**TASK BRIEF**
Return the whole listing exactly, omitting the pictures.

**AVAILABLE DATA**
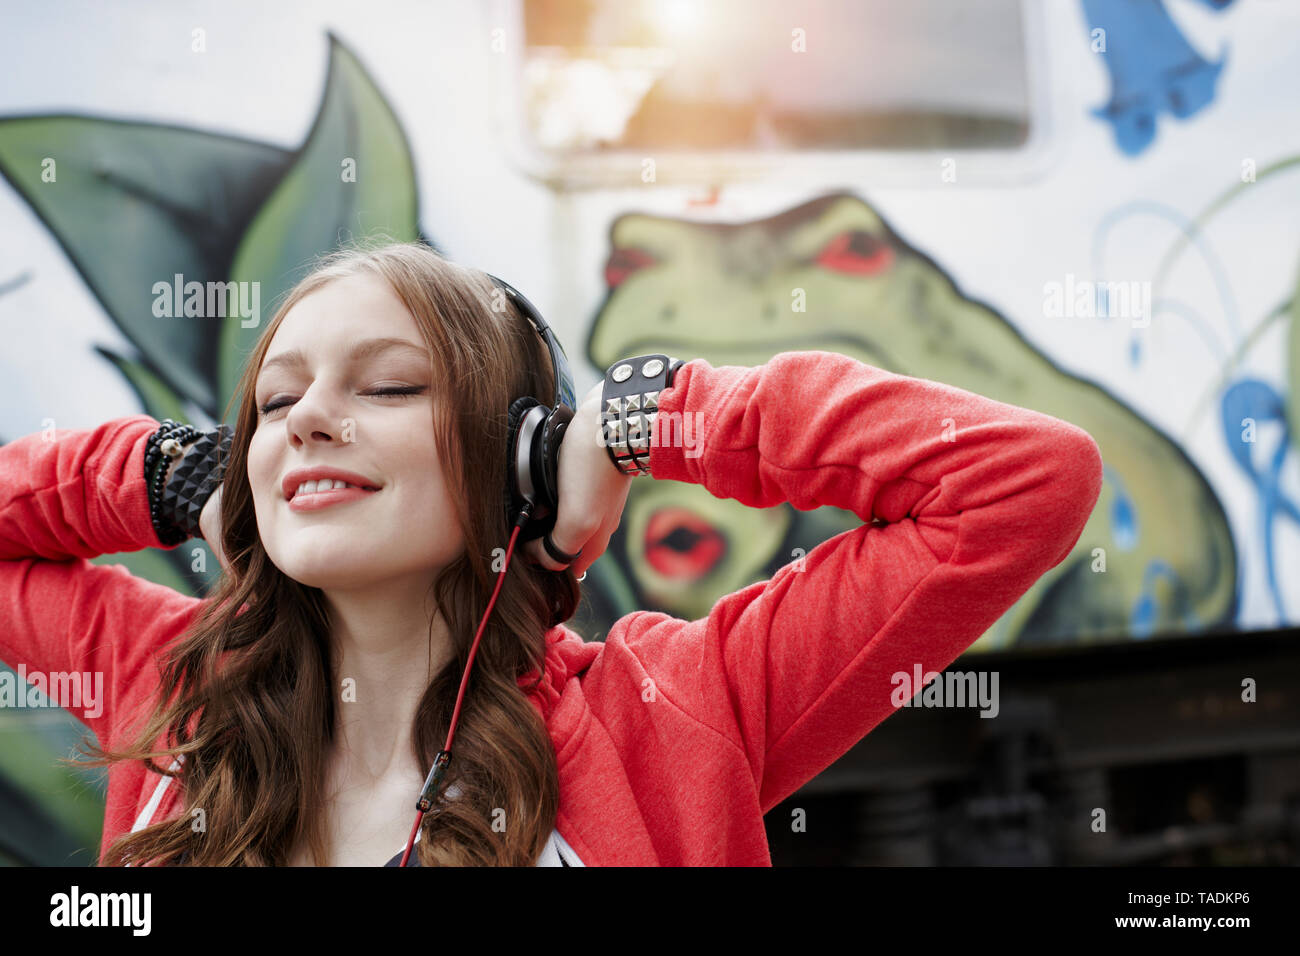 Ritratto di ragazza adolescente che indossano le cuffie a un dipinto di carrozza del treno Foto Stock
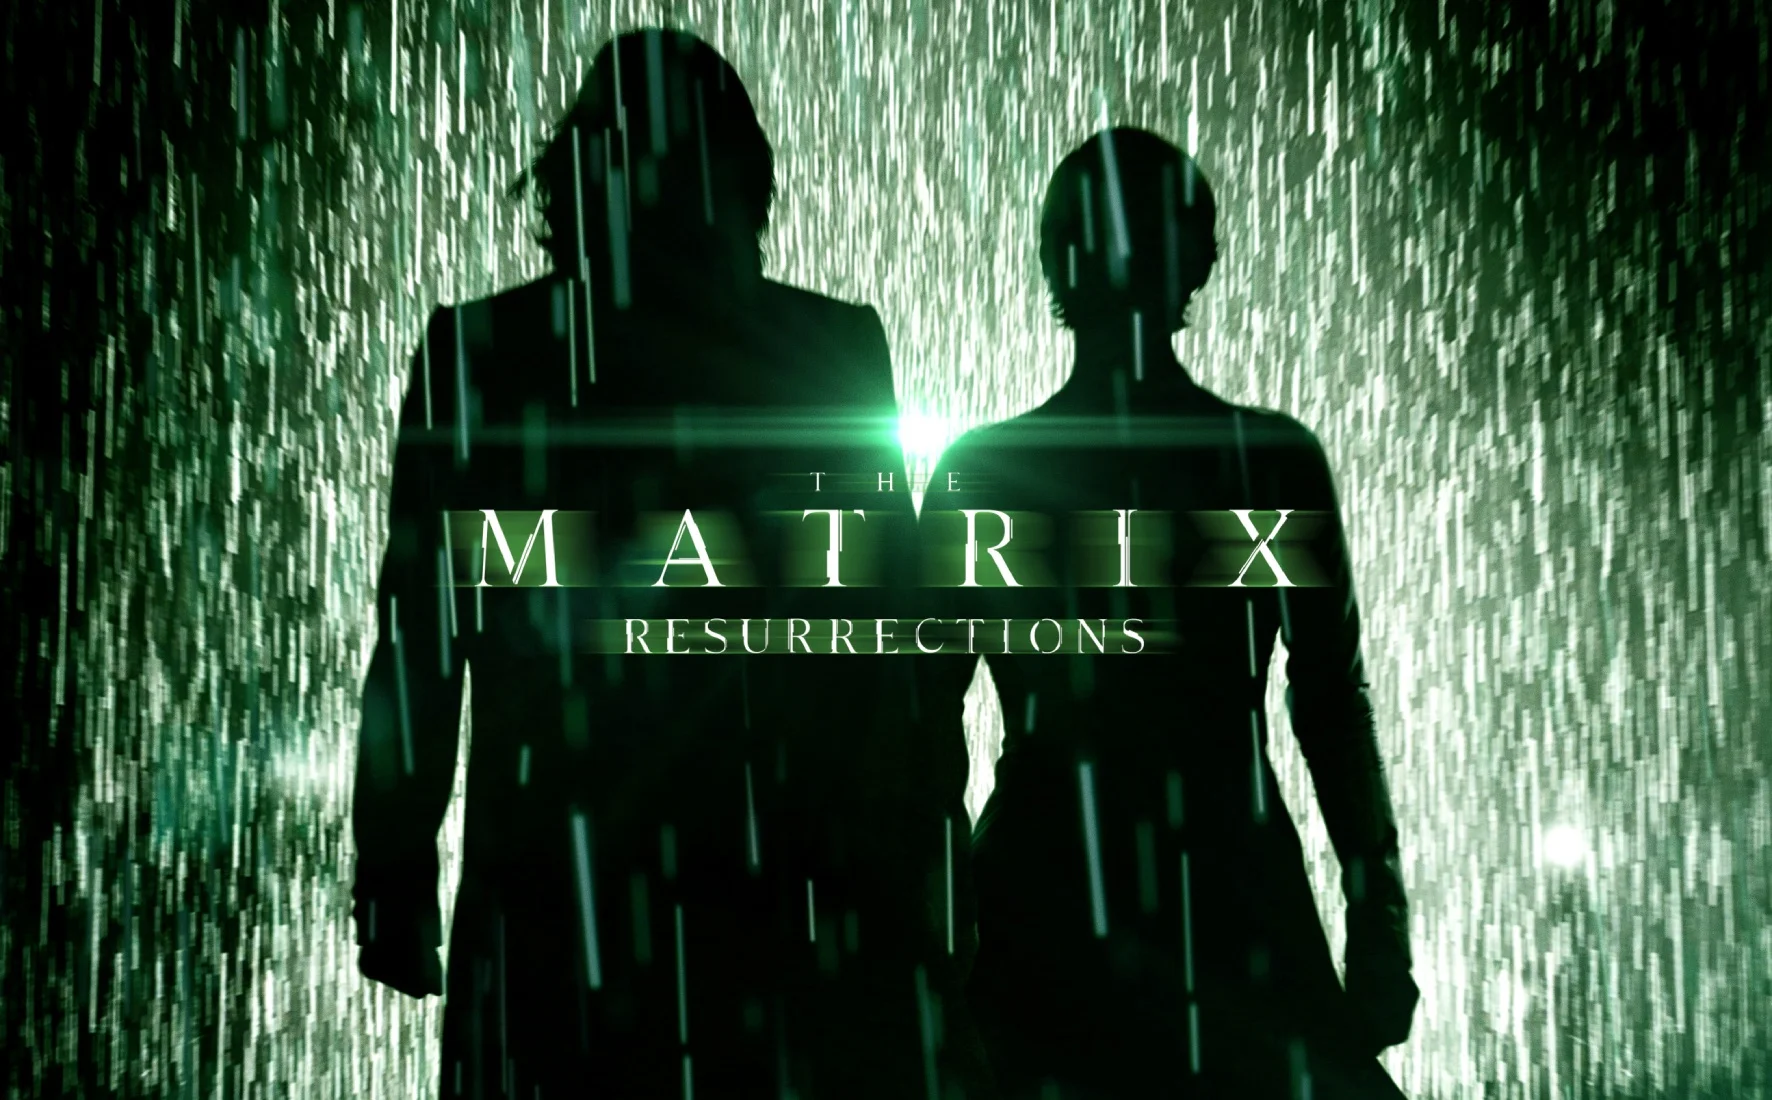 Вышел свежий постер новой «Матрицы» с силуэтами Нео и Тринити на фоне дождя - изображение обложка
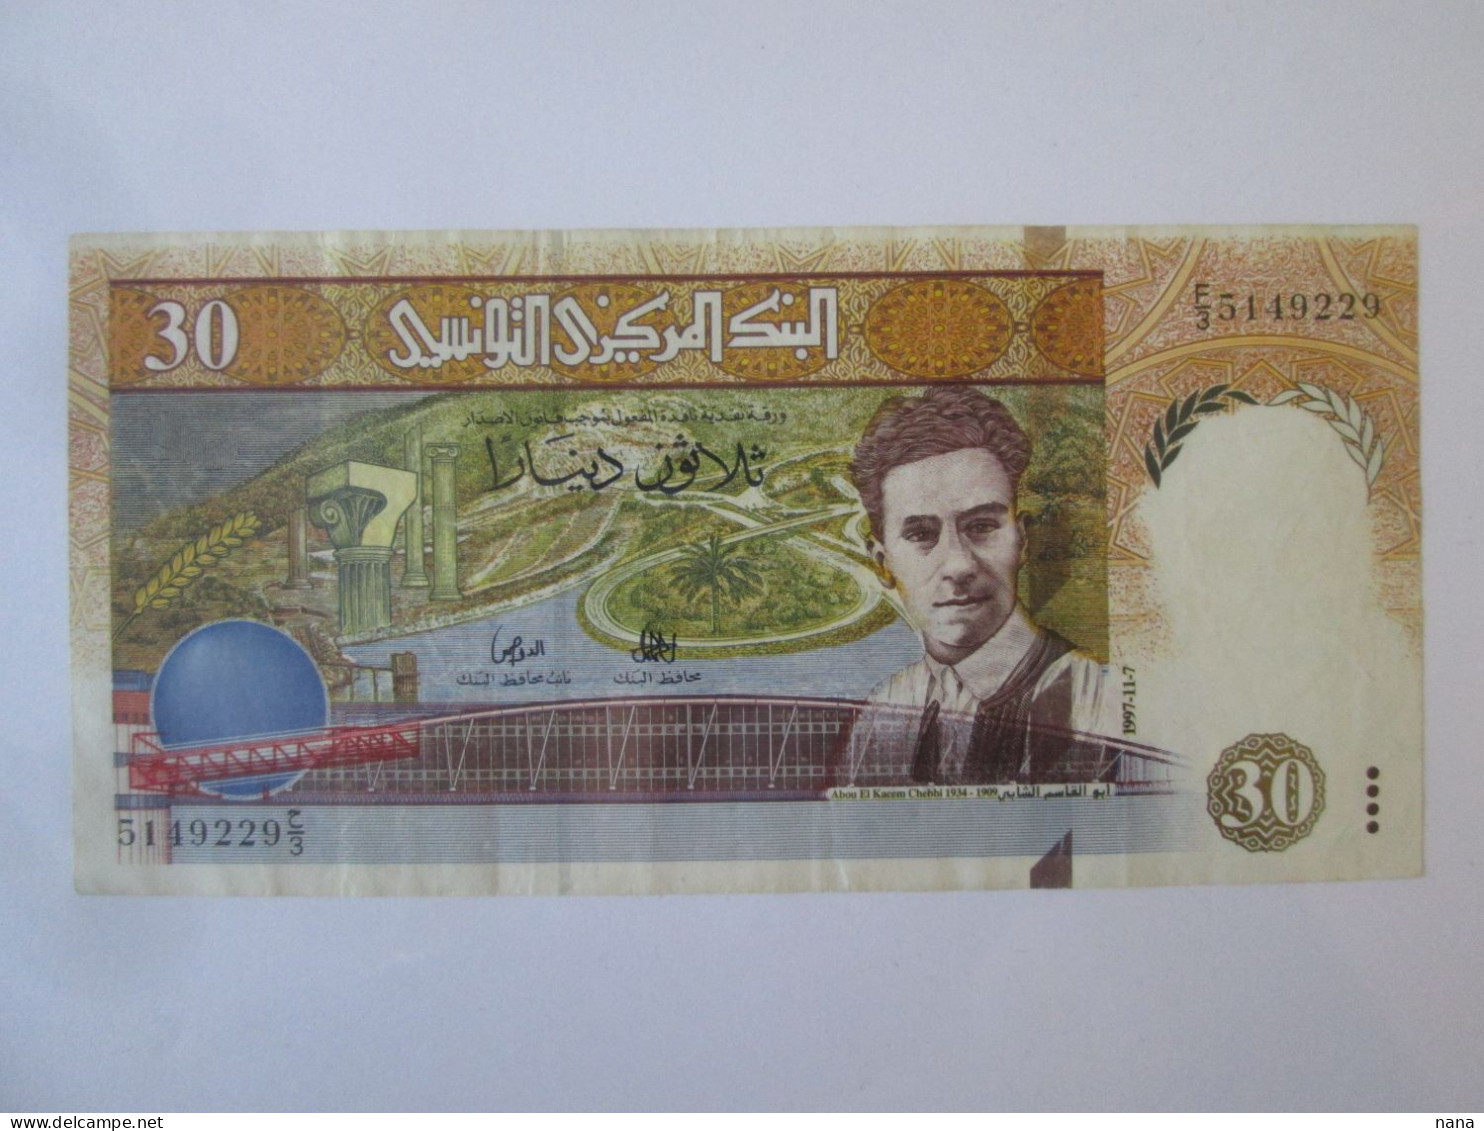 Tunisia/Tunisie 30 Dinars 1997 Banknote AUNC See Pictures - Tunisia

**RESULT BELOW**
 Ritratto di ragazza adolescente che indossano le cuffie a un dipinto di carrozza del treno Foto Stock
 Вышел свежий постер новой «Матрицы» с силуэтами Нео и Тринити на фоне дождя - изображение обложка
 Tunisia/Tunisie 30 Dinars 1997 Banknote AUNC See Pictures - Tunisia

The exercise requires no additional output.